[libvirt] [PATCH v3 15/18] qemu: auto-add pcie-root-port/dmi-to-pci-bridge controllers as needed

Laine Stump laine at laine.org
Thu Oct 13 17:43:52 UTC 2016


On 10/11/2016 05:34 AM, Andrea Bolognani wrote:
> On Mon, 2016-10-10 at 15:43 -0400, Laine Stump wrote:
>>>> 3) Although it is strongly discouraged, it is legal for a pci-bridge
>>>>        to be directly plugged into pcie-root, and we don't want to
>>>>        auto-add a dmi-to-pci-bridge if there is already a pci-bridge
>>>>        that's been forced directly into pcie-root. Finally, although I
>>>>        fail to see the utility of it, it is legal to have something like
>>>>        this in the xml:
>>>>     
>>>>          <controller type='pci' model='pcie-root' index='0'/>
>>>>          <controller type='pci' model='pci-bridge' index='2'/>
>>>>     
>>>>        and that will lead to an automatically added dmi-to-pci-bridge at
>>>>        index=1 (to give the unaddressed pci-bridge a proper place to plug
>>>>        in):
>>>>     
>>>>          <controller type='pci' model='dmi-to-pci-bridge' index='1'/>
>>>>     
>>>>        (for example, see the existing test case
>>>>        "usb-controller-default-q35").
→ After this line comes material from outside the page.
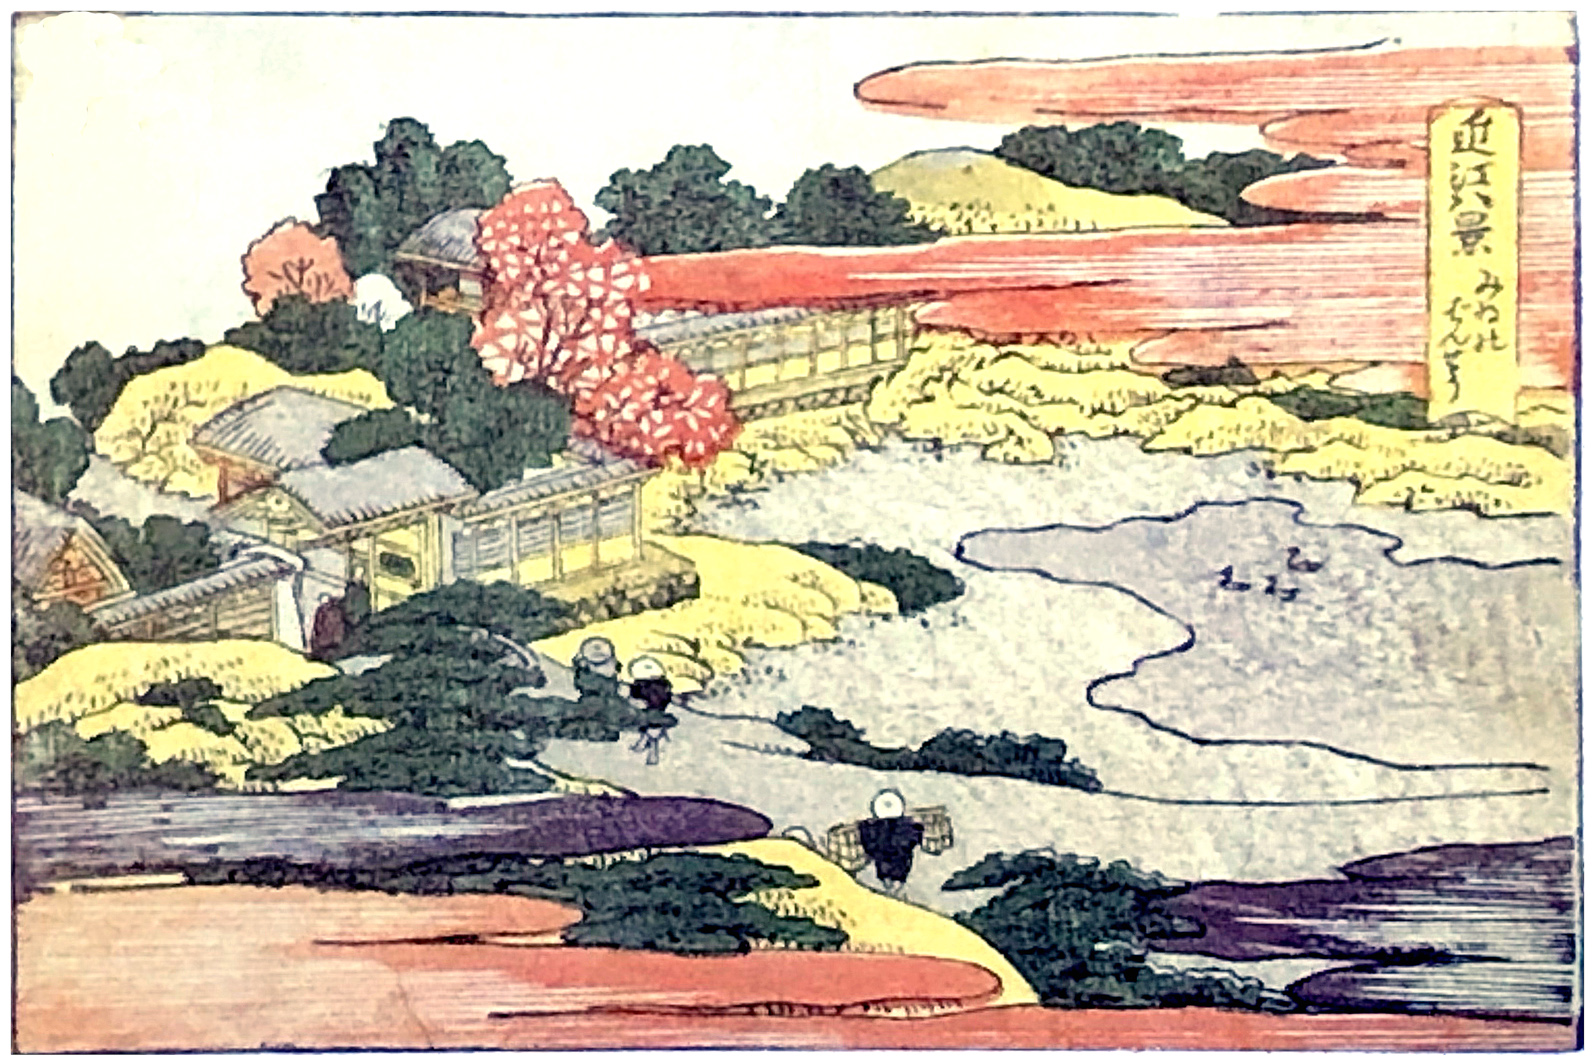 Hokusai - Evening Bell at Mii - 1802 Horizontal Edition

This is handled in
>>>>        qemuDomainPCIAddressSetCreate() when it's adding in controllers to
>>>>        fill holes in the indexes.
>>>   
>>> I wonder how this "feature" came to be... It seems to be the
>>> reason for quite a bit of convoluted code down below, which
>>> we could avoid if this had never worked at all. As is so
>>> often the case, too late for that :(
>>   
>> Maybe not. The only place I ever saw that was in the above test case,
>> and another named "usb-controller-explicit-q35", and the author of both
>> of those tests was (wait for it!), no, not Albert Einstein.  Andrea
>> Bolognani!
> Oh, *that* guy! It's always *that* guy, isn't it? :P
>
>> The only reason it worked in the past was because we always
>> automatically added the dmi-to-pci-bridge very early in the post-parse
>> processing. This implies that any saved config anywhere will already
>> have the necessary dmi-to-pci-bridge at index='1', so we only need to
>> preserve the behavior for new domain definitions that have a pci-bridge
>> at index='2' but nothing at index='1'.
>>   
>> Since you're the only person documented to have ever created a config
>> like that, and it would only be problematic if someone tried to create
>> another new config, maybe we should just stop accidentally supporting it
>> and count it as a bug that's being fixed. What's your opinion?
> Given the evidence you're presenting, I'm all for getting
> rid of it, especially since it will make the code below
> much simpler and hence more maintainable.
>
> Considering how critical that part of libvirt is, anything
> we can do to make it leaner and meaner is going to be a huge
> win in the long run.

I'm looking back through the code and wondering how to simplify it - it 
may be that the alternate method I had initially used (which failed that 
one test) is just as complicated as what I have now; unfortunately I 
didn't save it.

>
>>>> @@ -82,6 +82,30 @@ virDomainPCIControllerModelToConnectType(virDomainControllerModelPCI model)
>>>>          return 0;
>>>>      }
>>>>      
>>>> +
>>>> +static int
>>> s/int/virDomainControllerModelPCI/
>>   
>> But then we can't return -1 when there isn't a perfect match (that's why
>> I made it int)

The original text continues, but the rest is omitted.